准备好提示词模板后，我们就可以构造提示词了，构造提示词的官方示例代码如下：

# Set up a prompt template
class CustomPromptTemplate(StringPromptTemplate):
    # The template to use
    template: str
    # The list of tools available
    tools: List[Tool]

    def format(self, **kwargs) -> str:
        # Get the intermediate steps (AgentAction, Observation tuples)
        # Format them in a particular way
        intermediate_steps = kwargs.pop("intermediate_steps")
        thoughts = ""
        for action, observation in intermediate_steps:
            thoughts += action.log
            thoughts += f"\nObservation: {observation}\nThought: "
        # Set the agent_scratchpad variable to that value
        kwargs["agent_scratchpad"] = thoughts
        # Create a tools variable from the list of tools provided
        kwargs["tools"] = "\n".join([f"{tool.name}: {tool.description}" for tool in self.tools])
        # Create a list of tool names for the tools provided
        kwargs["tool_names"] = ", ".join([tool.name for tool in self.tools])
        return self.template.format(** kwargs)
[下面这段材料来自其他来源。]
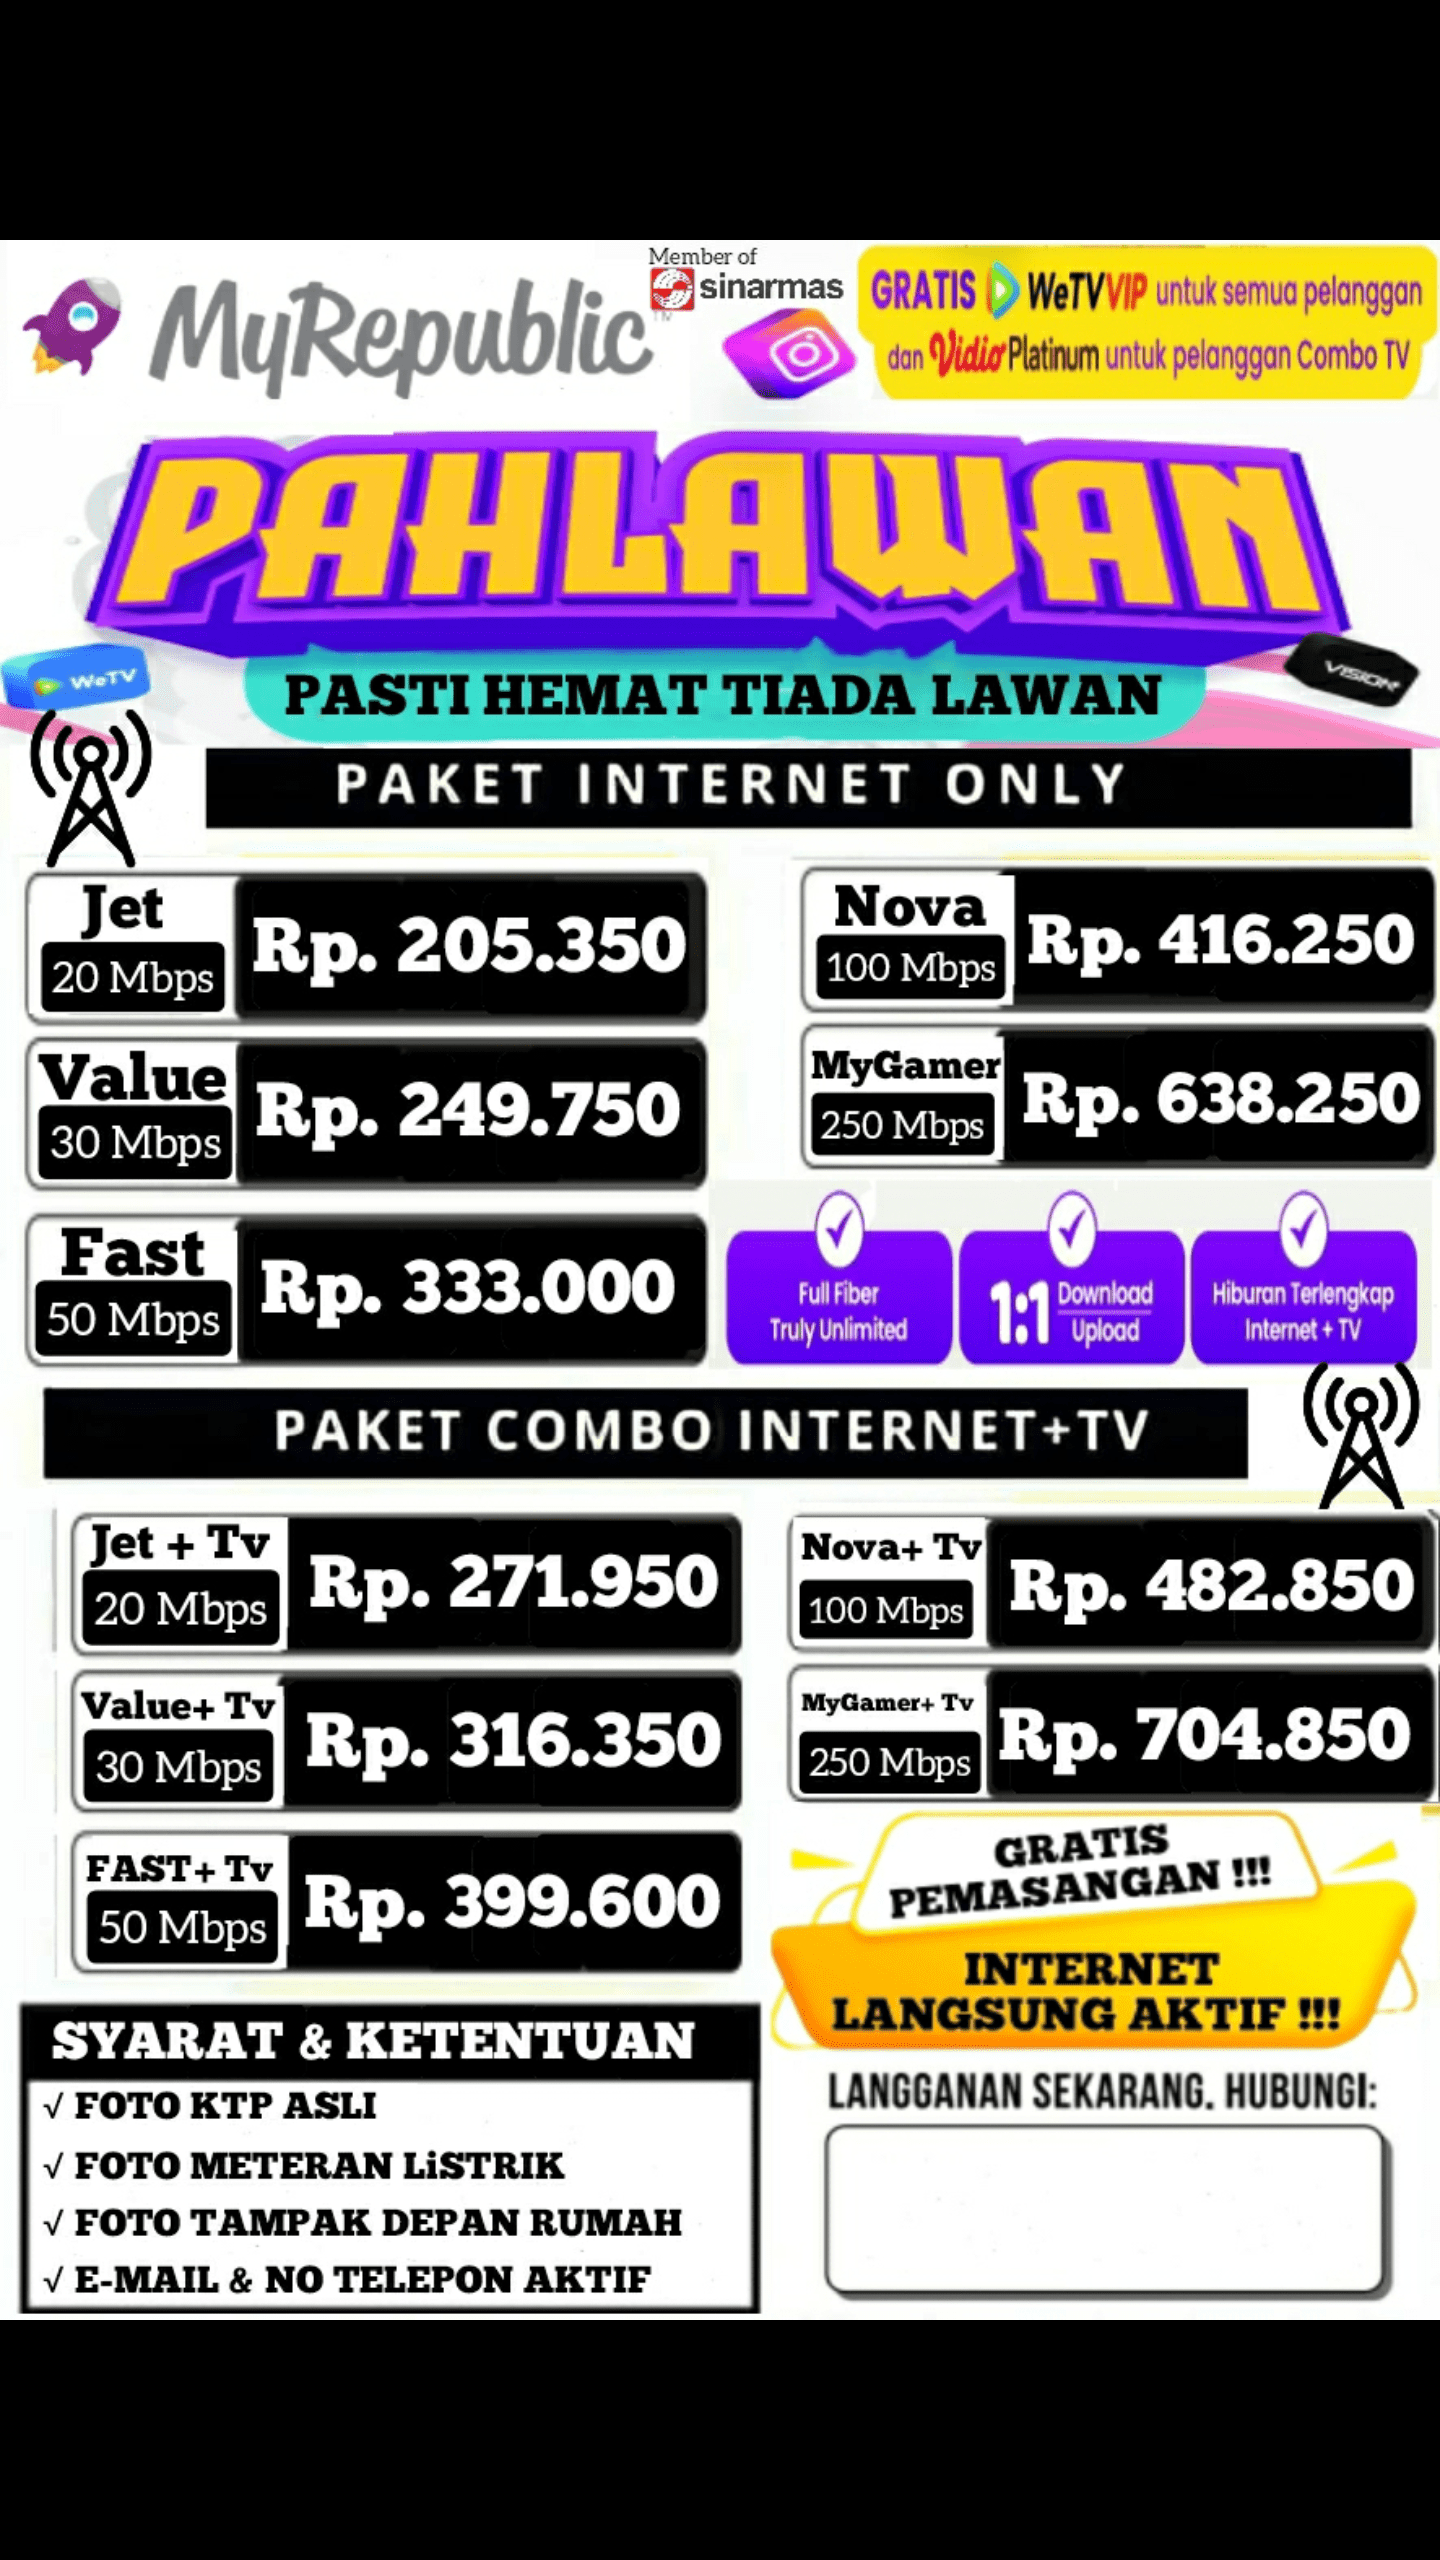 For more info : 082124563139 (Whatsapp)

prompt = CustomPromptTemplate(
    template=template,
    tools=tools,
    # This omits the `agent_scratchpad`, `tools`, and `tool_names` variables because those are generated dynamically
    # This includes the `intermediate_steps` variable because that is needed
    input_variables=["input", "intermediate_steps"]
)

工具解析

接下来是输出结果的解析，其中分为工具解析和结果解析两部分：

class CustomOutputParser(AgentOutputParser):

    def parse(self, llm_output: str) -> Union[AgentAction, AgentFinish]:
        # Check if Agent should finish
        if "Final Answer:" in llm_output:
            return AgentFinish(
                # Return values is generally always a dictionary with a single `output` key
                # It is not recommended to try anything else at the moment :)
                return_values={"output": llm_output.split("Final Answer:")[-1].strip()},
                log=llm_output,
            )

        # Parse out the action and action input
        regex = r"Action\s*\d*\s*:(.*?)\nAction\s*\d*\s*Input\s*\d*\s*:[\s]*(.*)"
        match = re.search(regex, llm_output, re.DOTALL)
        if not match:
            raise OutputParserException(f"Could not parse LLM output: `{llm_output}`")
        action = match.group(1).strip()
        action_input = match.group(2)
        # Return the action and action input
        return AgentAction(tool=action, tool_input=action_input.strip(" ").strip('"'), log=llm_output)

中断提示

最后一步是创建 Agent，示例代码如下：

llm = OpenAI(temperature=0)
# LLM chain consisting of the LLM and a prompt
llm_chain = LLMChain(llm=llm, prompt=prompt)

tool_names = [tool.name for tool in tools]
agent = LLMSingleActionAgent(
    llm_chain=llm_chain,
    output_parser=output_parser,
    stop=["\nObservation:"],
    allowed_tools=tool_names
)

总结

自定义 LLM Agent 的示例代码我们已经介绍完了，最后我们再讲下来 Agent 中使用的 LLM。在官方示例中，LLM 用的是 OpenAI，也就是gpt-3.5这个模型，但如果想达到更好的效果的话，推荐使用 OpenAI 的gpt-4模型，它是目前最好的 LLM，如果使用的 LLM 比较差，就容易出现刚才我们提到 LLM 返回的结果不符合我们预期的情况。

有人希望通过一些开源的 LLM 来实现 ReAct Agent，但实际开发过程中会发现开源低参数（比如一些 6B、7B 的 LLM）的 LLM 对于提示词的理解会非常差，根本不会按照提示词模板的格式来输出，这样就会导致我们的 Agent 无法正常工作，所以如果想要实现一个好的 Agent，还是需要使用好的 LLM，目前看来使用gpt-3.5模型是最低要求。